Grenache is from Kasteelsig vineyard, owned by Painted Wolf Pack member Billy (Guillermo) Hughes, and are organically certified grapes. Soil is red Glenrosa with some Oakleaf – shale rich duplex soils. The vineyards are not irrigated. Kasteelsig vineyard supplies grapes for some of South Africa’s top boutique wines. Yields are round 6 tons to the hectare.

Winemaking

The grapes were hand-picked into small baskets and taken to the cellar where they were destalked and gently crushed. The wine fermented in small open bins with four punch downs a day. When totally dry, we pressed into oak barrels to complete malolactic fermentation. The wine matured for 14 months in small French oak barrels of which, roughly 30% were new. This wine was finished off with a little Pinotage and Shiraz. 2400 bottles were produced.

Good Wine Shop Painted Wolf Peloton Rouge

Painted Wolf Peloton Rouge

Ageing potential

This wine will improve with a few years of bottle age.

The Vineyard

From our pack vineyards in Paarl and the Swartland. A portion of the grapes for this wine are sourced off Kasteelsig vineyard in Swartland, which is organically certified. The rest are from Leeuwenkuil and Langvlei farms.

Winemaking

The grapes were hand- picked and crushed into small open fermenters hand punched 4 to 5 times daily during fermentation and pressed when just dry. The wine was matured in French, American and Hungarian oak barrels for 13 months. Roughly 20% of the barrels were new.

Food suggestions

This finessed red will partner well with modern fusion cooking. The wine is best paired with beef or lamb dishes such as Thai style red beef curry or a nice South African lamb bobotie.

 

Good Wine Shop Painted Wolf Swartland Syrah

Painted Wolf Swartland Syrah

Food suggestions

A rich and spicy wine which is great paired with French country dishes such as cassoulet or a beef daube Provençal. It is also delicious with grilled regional sausages e.g. Toulouse. Amazing with simply prepared dry-aged rump or ribeye steak, seasoned with a little sea salt and crushed black pepper and a few pan-fried mushrooms, ideally cep or porcini, and a dash of the best extra virgin olive oil.

Ageing potential

This Syrah is drinking well now and will improve in the bottle till 2020 and beyond.

The Vineyard

Our partner Billy Hughes grows organic grapes at Kasteelsig vineyard in the Swartland region. The grapes are dry farmed. Soil in the vineyard is primarily Glenrosa, a composite soil of decomposed shale with a little granite.

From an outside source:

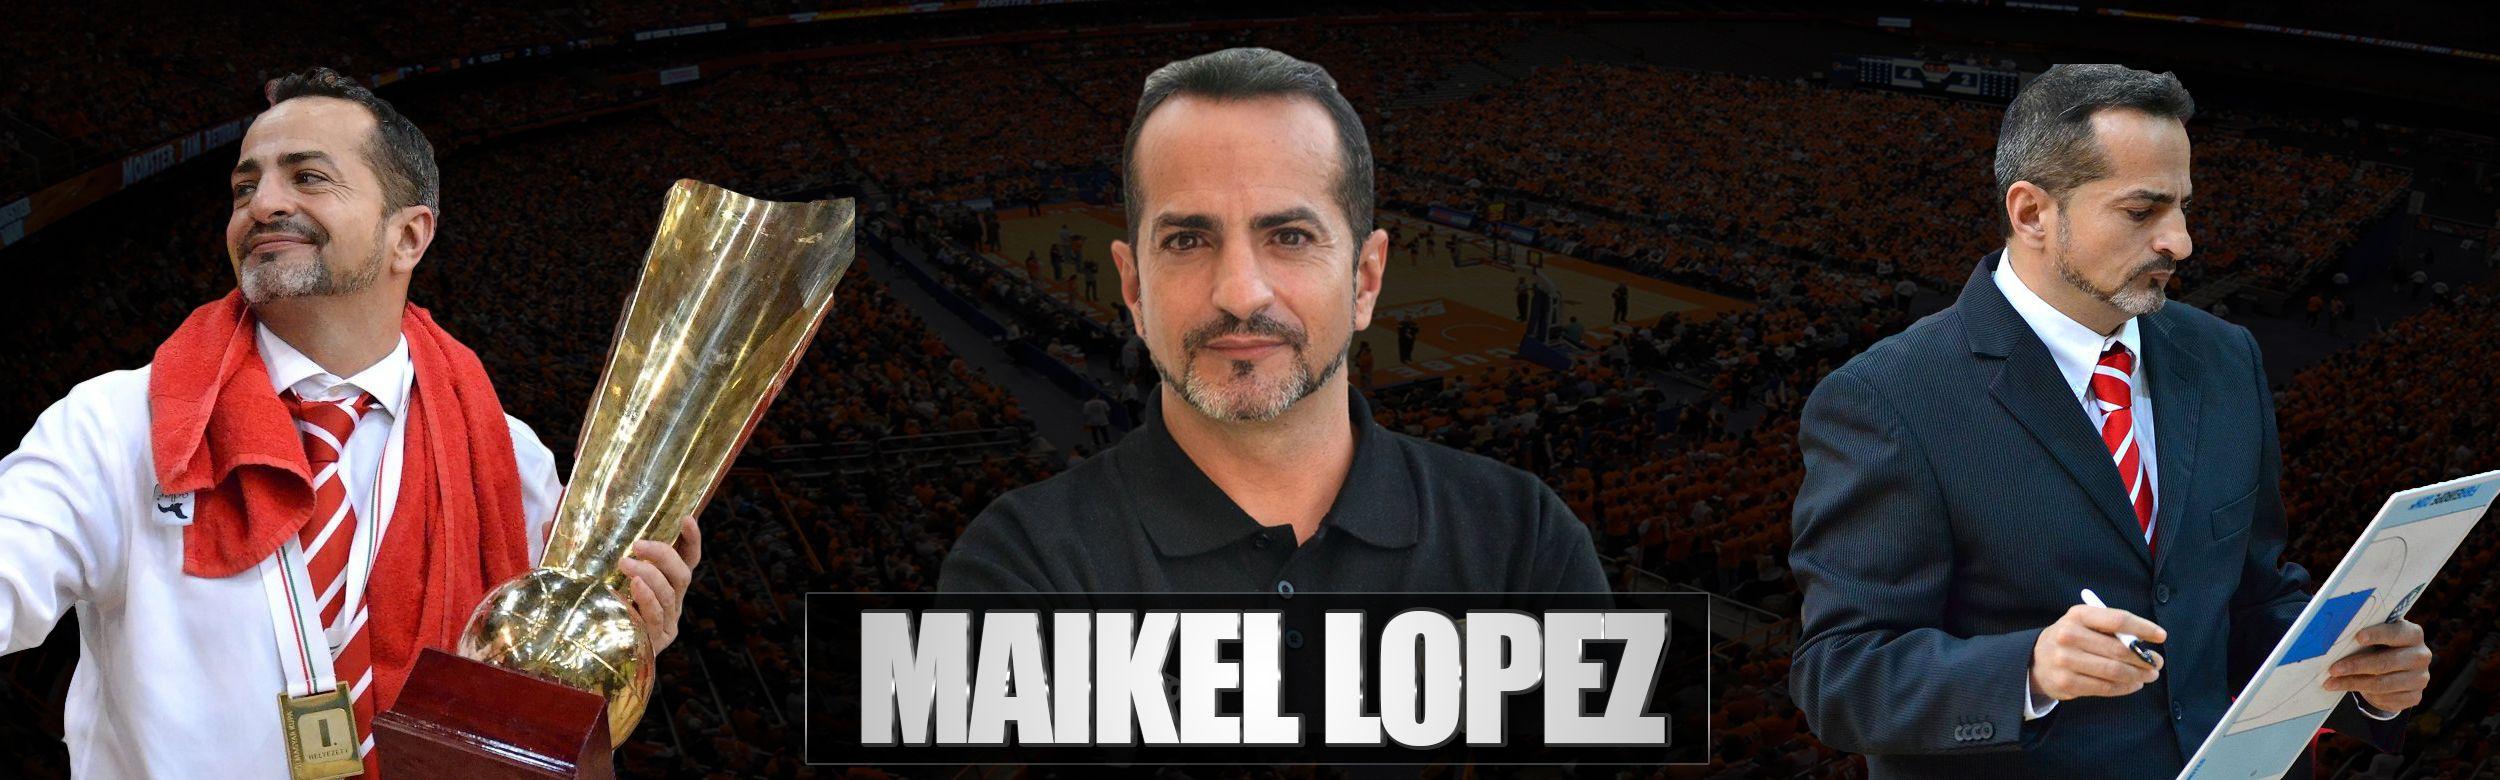 Maikel López

Vines are 12 years old and the yield in 2013 was around 7 tons to the hectare.

Winemaking

The grapes were handpicked over a few days in late February 2013 into small baskets and taken to our cellar where they were destalked and gently crushed. We fermented the Syrah in small open bins where it was hand punched four times a day. We prefer the native yeast from the vineyard. The wine matured in French and Hungarian oak for a total of 20 months. We filled 10051 bottles.